Open access peer-reviewed chapter

Innovation of Coagulation-Flocculation Processes Using Biopolyelectrolytes and Zeta Potential for Water Reuse

By Eduardo A. López-Maldonado and Mercedes T. Oropeza-Guzmán

Submitted: October 2nd 2017Reviewed: February 23rd 2018Published: November 5th 2018

DOI: 10.5772/intechopen.75898

Downloaded: 243

Abstract

The coagulation-flocculation process is one of the conventional technologies used for the treatment of different types of industrial wastewater. The zeta potential is a key parameter that allows to determine the effective pH, the type and the correct biopolyelectrolyte dose to return the water quality using coagulation-flocculation. In this chapter, we present the application of a natural cationic biopolyelectrolyte (chitosan) to make the separation and recovery of cellulose fiber more efficient and to increase the reuse of treated water from the pulp and paper industry. The result of the coagulation-flocculation test at pH 5.4 and a chitosan dose = 10 mg/L shows that the treated water has the following values: biochemical oxygen demand = 150 mg O2/L, turbidity = 5 FAU, total suspended solids = 2 mg/L, chemical oxygen demand = 200 mg/L and hardness = 250 mg CaCO3/L. The quality of water obtained allows its discharge to a natural water body, in which it is possible to continue with a biological treatment stage, or to reuse the treated water for the manufacture of paper. Additionally, this coagulation-flocculation process can be coupled to an advanced oxidation process to increase the quality of the water and mineralize the content of organic material.

Keywords

  • zeta potential
  • wastewater treatment
  • biopolyelectrolytes
  • coagulation-flocculation

1. Introduction

The issue regarding the quality and use of water has several aspects: the first option is the most common and of greater importance, than a simple view, which becomes the vital liquid to survive and perform daily activities. Its quality directly affects the health and well-being of society [1]. The second corresponds to the use of water as the main raw material for the manufacture of some products and the operation of production processes. The interaction of water with the environment is influenced by the water quality that both society and the industrial sector confer on water.

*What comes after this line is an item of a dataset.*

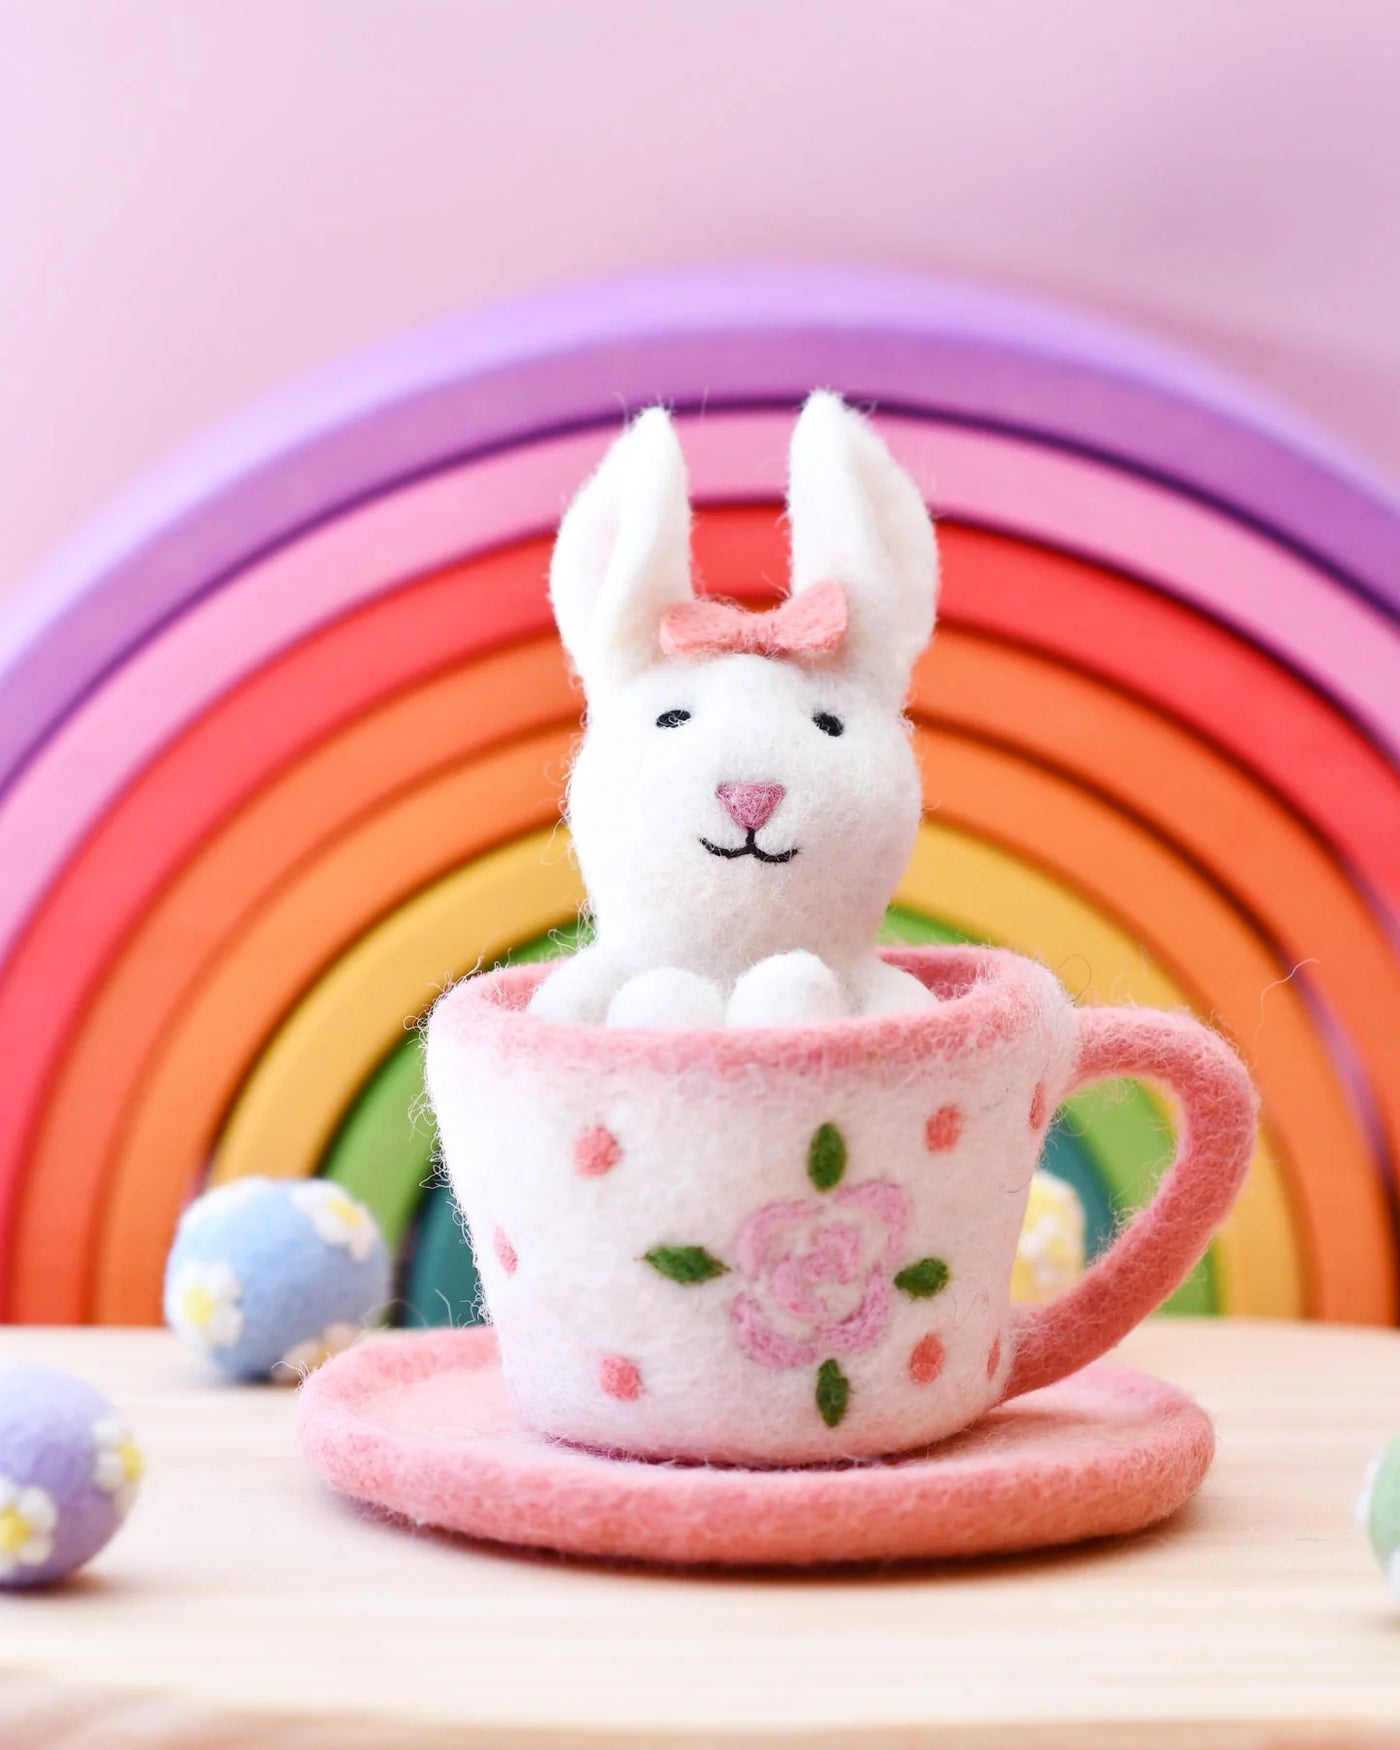 Sale Felt Rabbit in Tea Cup Toy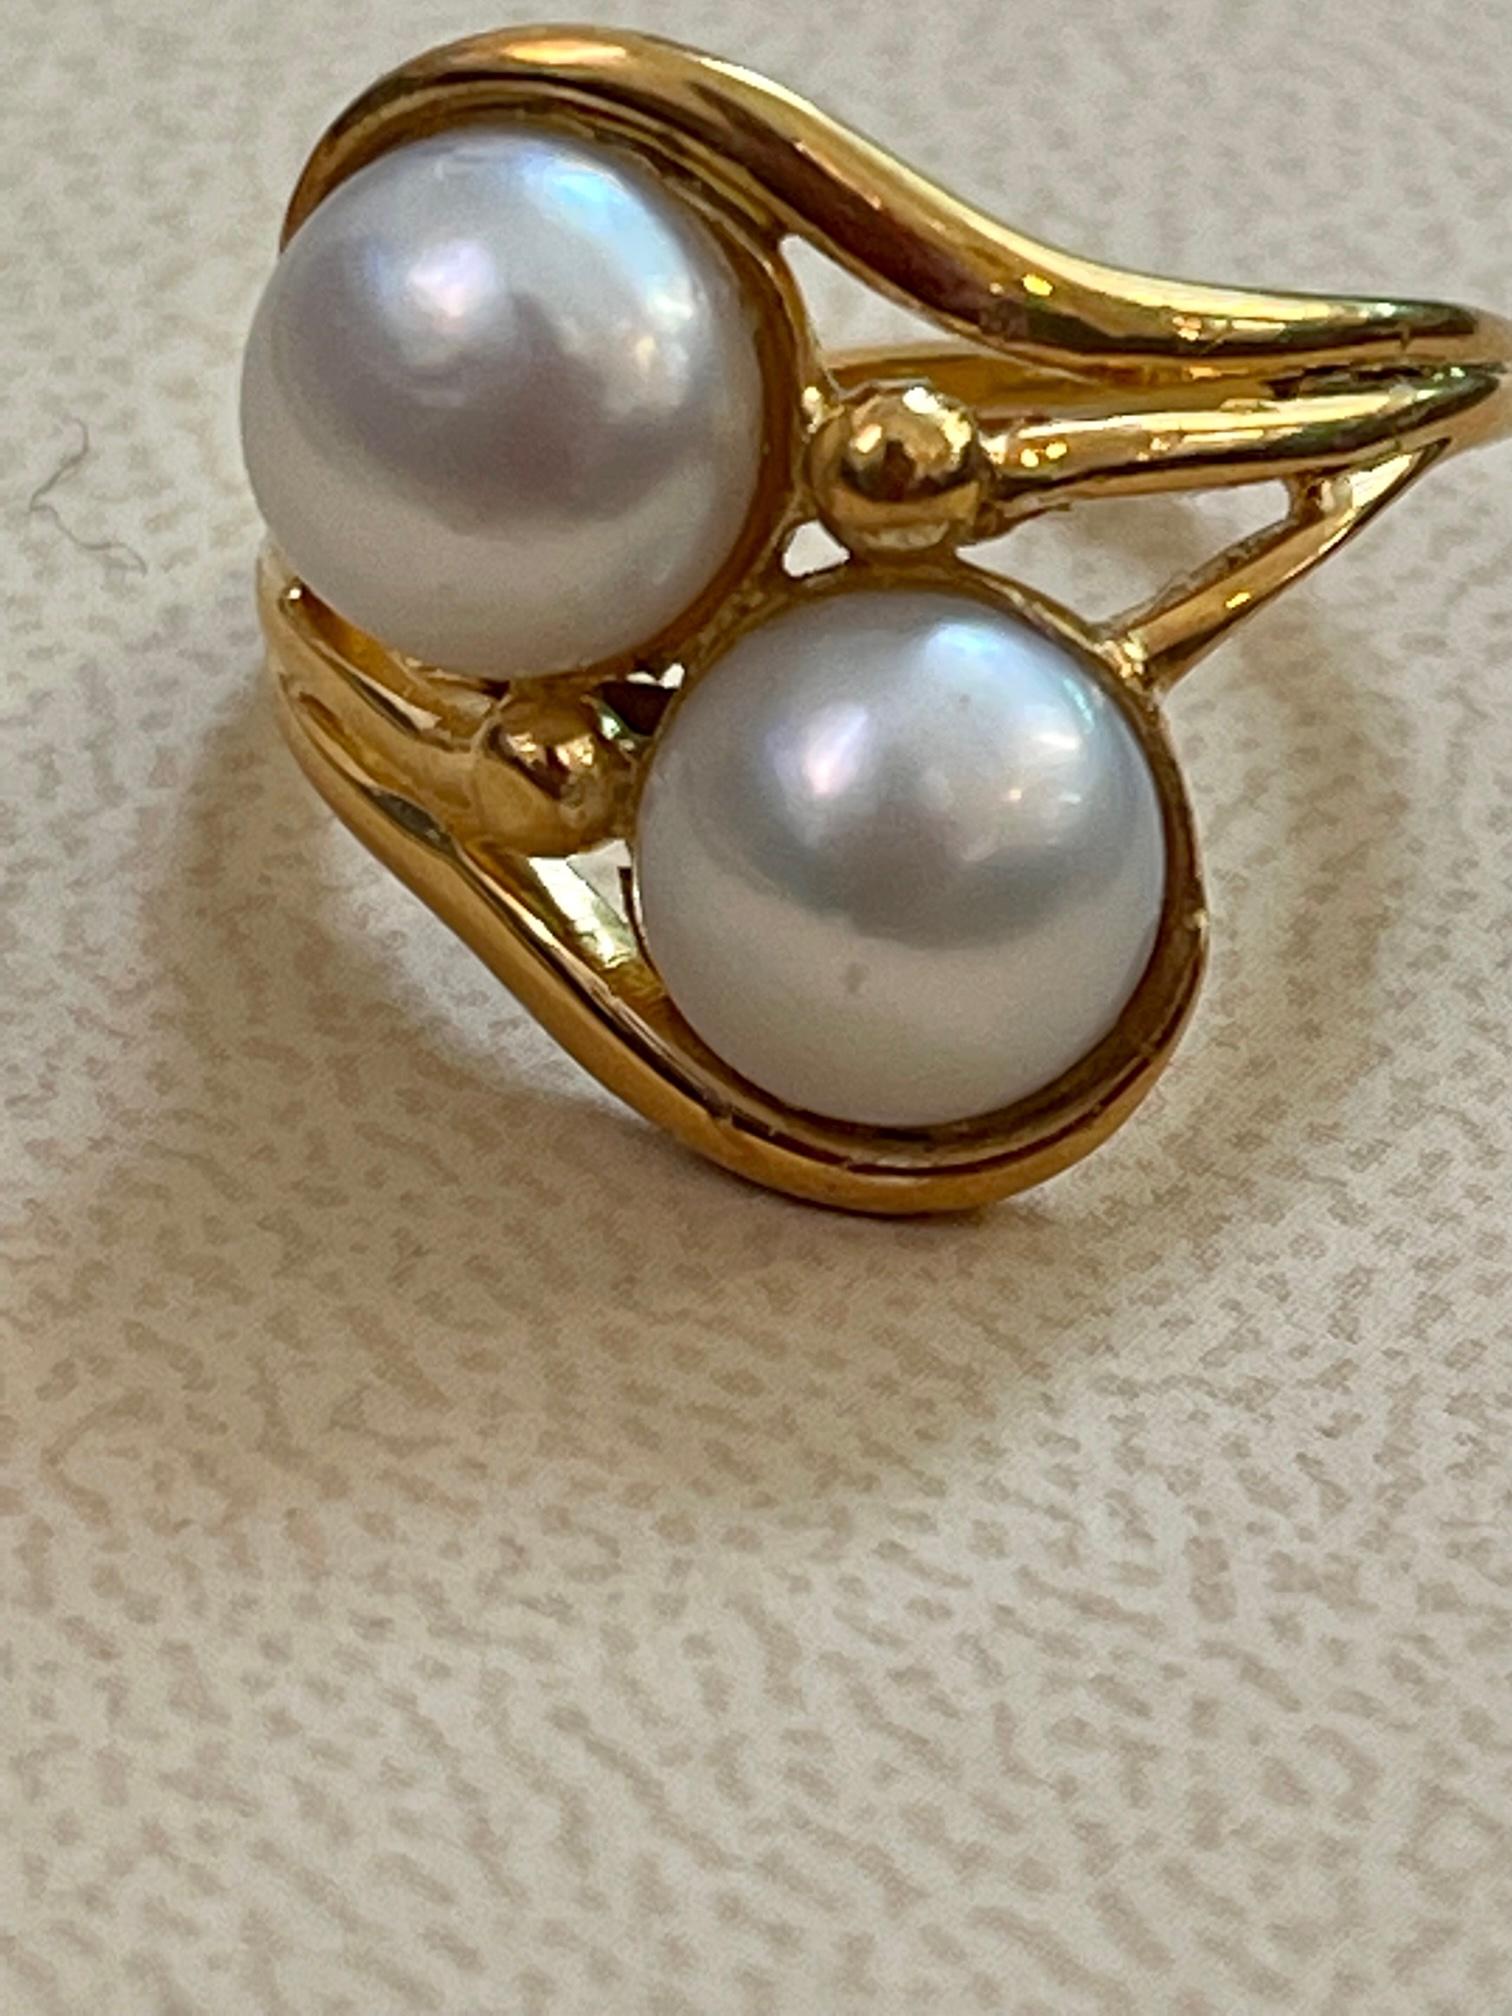 2 pearl ring

Each type of industry has a particular interest in the care of water quality and its reuse, which is why day by day, they require new strategies to treat and recycle the wastewater they generate in the different production processes [1]. Water quality is affected by various chemical substances that dissolve in water used in each stage of the manufacturing process.

In general, the main pollutants that are identified in the industrial wastewater are suspended particles, organic matter, heavy metals, the hardness of the water and fats and oils [2]. One of the pollutants frequently present in the industrial wastewater is suspended particles or solids. According to the nature of the production processes, the particles in suspension can be organic and inorganic and can be present in different particle sizes. The content of organic matter in industrial wastewater is attributed to the organic compounds (colorants, additives, nutrients, carbohydrates, etc.) that can be biodegradable or difficult to be degraded, and that are incorporated into the water at the time of use [3]. The levels of concentration in which these contaminants or undesirable substances are present in the wastewater are directly related to the operating conditions of the productive processes. The presence of these pollutants in the water causes an impact on the efficiency of the production processes, limits the reuse of water, increases the consumption of clean water, the discharge of the wastewater generated contaminates the water bodies, and this implies sanctions to the industry for exceeding the maximum permissible limits at the effluent discharge point [3].

There is an urgent need of environmentally friendly and cheaper technologies to eliminate the chemical toxicants from wastewater to improve the water quality.

Several methods that have been developed to eliminate these present pollutants from wastewater are as follows: reverse osmosis, solvent extraction, coagulation-flocculation, membrane separation, chemical precipitation, advanced oxidation processes, ion exchange, evaporation, electrolysis [4, 5, 6], photochemical [7], activated sludge [8], anaerobic and aerobic treatment [9, 10], electrodialysis [11], ultrasonic treatment [12], magnetic separation [13] and adsorption [14, 15, 16].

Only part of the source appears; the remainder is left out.